◆ DIRECTIONS FOR THIS TASK ◆
The range starts at the line containing "1990s Vintage CHANEL" and ends at the last line of the records below. Reproduce those lines exactly.

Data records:
::::::::

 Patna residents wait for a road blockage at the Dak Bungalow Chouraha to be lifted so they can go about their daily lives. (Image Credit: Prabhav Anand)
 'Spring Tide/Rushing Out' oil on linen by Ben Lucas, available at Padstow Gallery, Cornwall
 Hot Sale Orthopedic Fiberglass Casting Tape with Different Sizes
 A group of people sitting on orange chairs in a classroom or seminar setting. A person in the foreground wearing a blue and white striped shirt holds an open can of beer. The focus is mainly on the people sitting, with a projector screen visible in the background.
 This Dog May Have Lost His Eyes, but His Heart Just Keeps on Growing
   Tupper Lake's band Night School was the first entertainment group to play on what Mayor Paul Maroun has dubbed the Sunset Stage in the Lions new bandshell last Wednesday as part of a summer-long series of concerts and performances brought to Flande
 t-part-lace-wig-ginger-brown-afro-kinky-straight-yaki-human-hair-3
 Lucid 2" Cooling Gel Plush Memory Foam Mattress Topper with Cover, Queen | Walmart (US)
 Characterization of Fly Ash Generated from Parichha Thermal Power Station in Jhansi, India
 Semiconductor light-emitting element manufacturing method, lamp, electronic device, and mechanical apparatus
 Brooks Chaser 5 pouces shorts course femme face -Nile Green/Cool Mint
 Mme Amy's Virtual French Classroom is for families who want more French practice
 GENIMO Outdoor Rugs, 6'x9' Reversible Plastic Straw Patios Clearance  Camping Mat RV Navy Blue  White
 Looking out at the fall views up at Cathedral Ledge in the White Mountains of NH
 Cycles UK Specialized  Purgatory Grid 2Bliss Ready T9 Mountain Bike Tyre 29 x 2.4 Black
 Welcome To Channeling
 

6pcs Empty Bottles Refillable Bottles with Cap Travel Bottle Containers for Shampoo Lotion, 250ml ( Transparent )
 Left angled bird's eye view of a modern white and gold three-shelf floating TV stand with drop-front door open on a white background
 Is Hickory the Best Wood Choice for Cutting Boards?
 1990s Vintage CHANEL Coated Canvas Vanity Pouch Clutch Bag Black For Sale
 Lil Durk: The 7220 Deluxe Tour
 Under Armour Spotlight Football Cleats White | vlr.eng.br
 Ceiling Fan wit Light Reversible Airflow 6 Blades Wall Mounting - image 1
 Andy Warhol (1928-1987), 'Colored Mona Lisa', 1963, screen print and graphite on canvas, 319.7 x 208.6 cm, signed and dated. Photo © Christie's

::::::::

◆ RESPONSE BOX ◆
 1990s Vintage CHANEL Coated Canvas Vanity Pouch Clutch Bag Black For Sale
 Lil Durk: The 7220 Deluxe Tour
 Under Armour Spotlight Football Cleats White | vlr.eng.br
 Ceiling Fan wit Light Reversible Airflow 6 Blades Wall Mounting - image 1
 Andy Warhol (1928-1987), 'Colored Mona Lisa', 1963, screen print and graphite on canvas, 319.7 x 208.6 cm, signed and dated. Photo © Christie's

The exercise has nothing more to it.